Now that the musical has earned a new currency, with “Chicago” passing the $125 million mark domestically, a big question arises: What direction will the genre take? “Moulin Rouge,” Luhrman’s wildly anachronistic fantasia of a poet and courtesan in turn-of-the-century Paris, which stirs in a mélange of Broadway and pop tunes, represents the artier and hipper stairway to paradise. While full of wacky visual ideas, Marshall takes a more traditional route in his tale of singing-dancing hot-honey killers in ’20s Chicago.

A number of other cinematic musicals are in the works, with more sure to come. Joel Schumacher is now slated to direct Lloyd Webber’s baroque pop smash “Phantom of the Opera,” but with no leading man yet attached. The ultra-glitzy director, who more or less killed off the Batman franchise, apparently has rejected Antonio Banderas as the man in the white mask, though the dashing Spaniard, so surprising as Che in “Evita,” is taking on a live Broadway challenge in “Nine” this spring. Perhaps that Arthur Kopit-Maury Yeston version of Federico Fellini’s “8½” will capture some producer’s fancy.

Also waiting in the wings is “Rent,” the East Village “La Bohème” by Jonathan Larson, a difficult project to translate to the screen. Marshall landed the “Chicago” gig in talks with Miramax Films on “Rent.” Miramax is also now contemplating a new version of “Guys and Dolls,” which Joseph L. Mankiwicz got almost completely wrong in the 1955 version with Marlon Brando and Frank Sinatra. Both action star Vin Diesel and Hugh Jackman (acclaimed for his Curly in London in “Oklahoma!”) have been mentioned for leads.

Of the current crop of Broadway shows, two movies that became musical hits could make it back to the screen: “Hairspray” and “The Producers.” The Disney “Aida,” with music by Elton John, will probably have a cinematic future, either as a live-action extravaganza or an animated feature. And the musical revival could also propel two musical spectacles – “Les Miserables” and “Miss Saigon” – to the screen.

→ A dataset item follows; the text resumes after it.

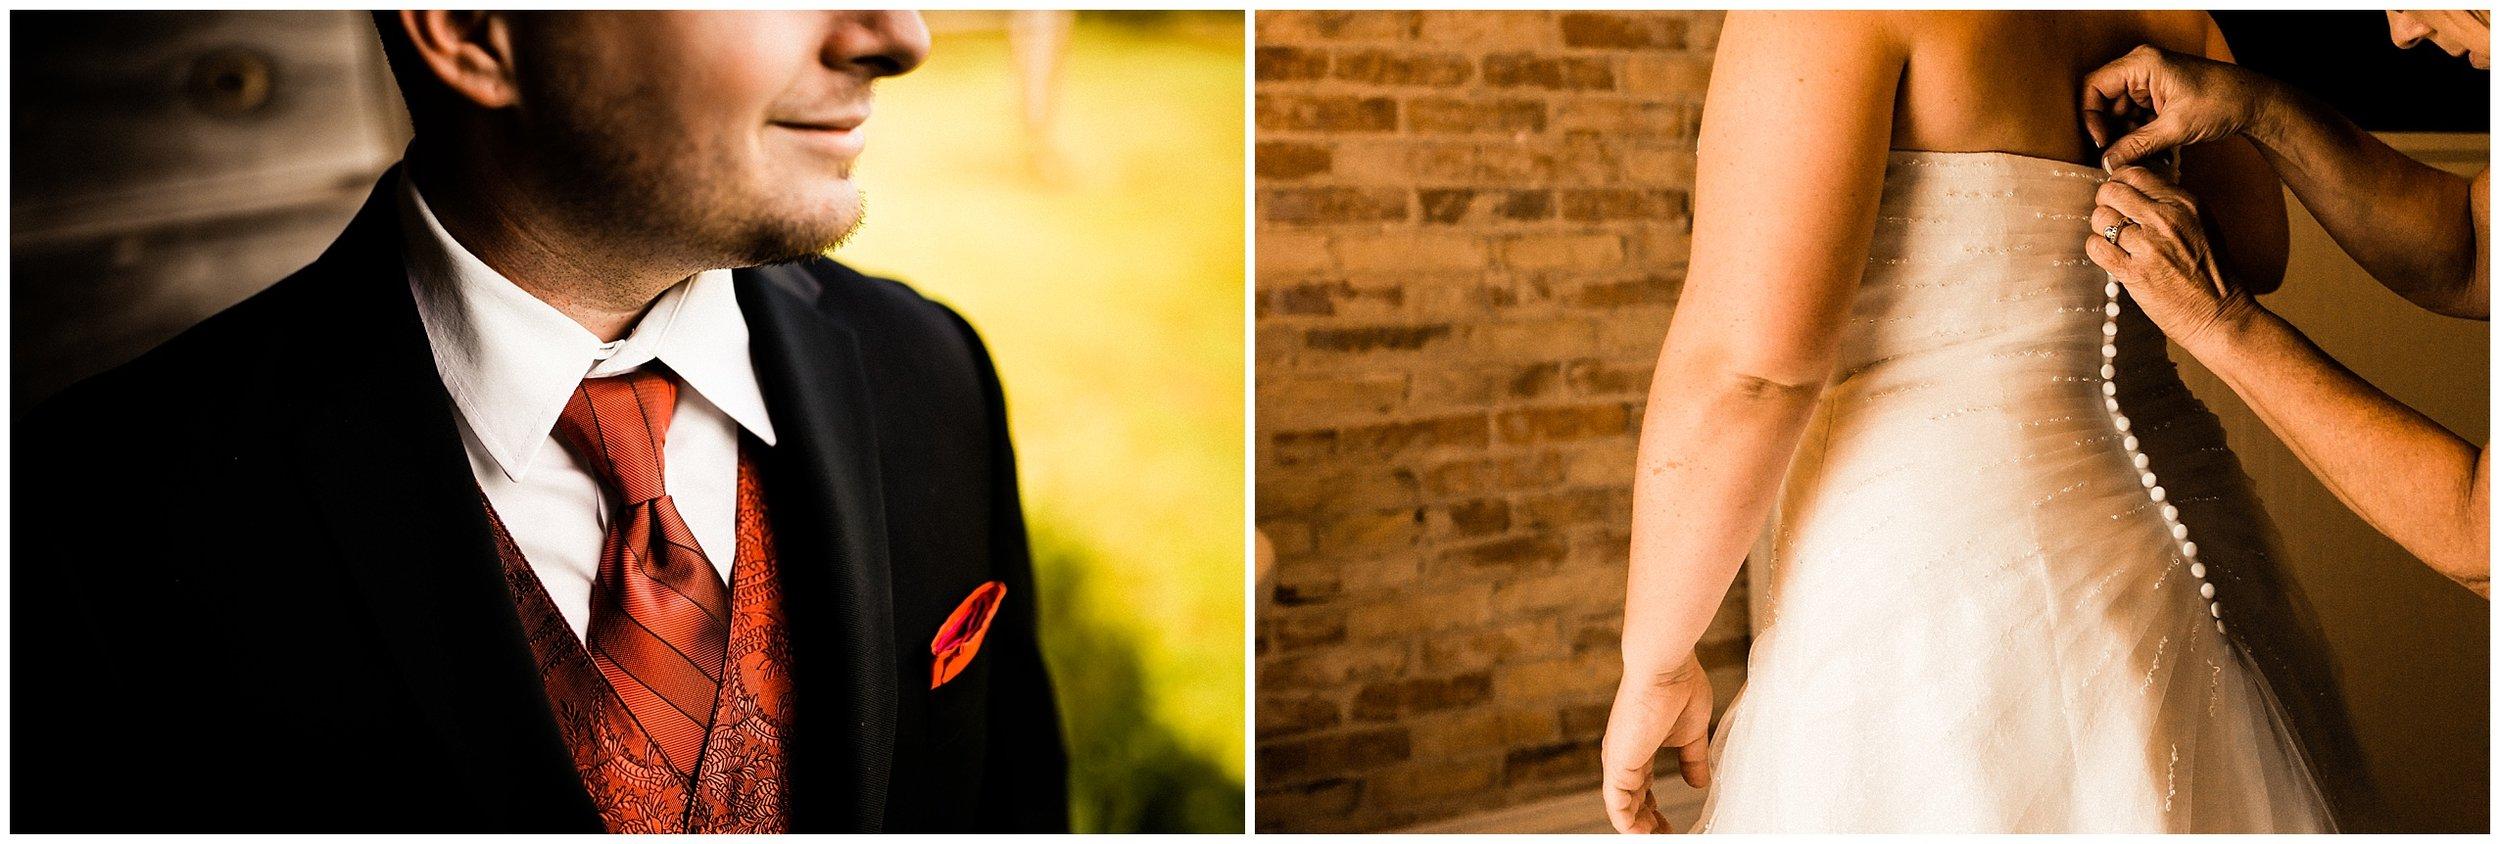 Micheal + Chelsie   Just Married #kyleepaigephotography_1564.jpg

Besides Marshall and Luhrman, two women powerhouses also might bring new imagination and style to the musical. Julie Taymor, the creative mind behind the stage triumph of “The Lion King,” has proved her cinematic strengths with “Frida” and “Titus.” Susan Stroman, the choreographer-director who brought new life and wit to “The Producers” and “The Music Man,” has not yet worked prominently in film. “Damn Yankees” might be ripe for a remake, with graphic shower scenes, as in “Take Me Out.” Or another Richard Adler-Jerry Ross musical, “Pajama Game,” might be set in a factory making Victoria’s Secret-style undies. Maybe a feminist revision of “Annie Get Your Gun” with a younger Reba McIntyre could introduce new audiences to Irving Berlin. Let’s go on with the picture show.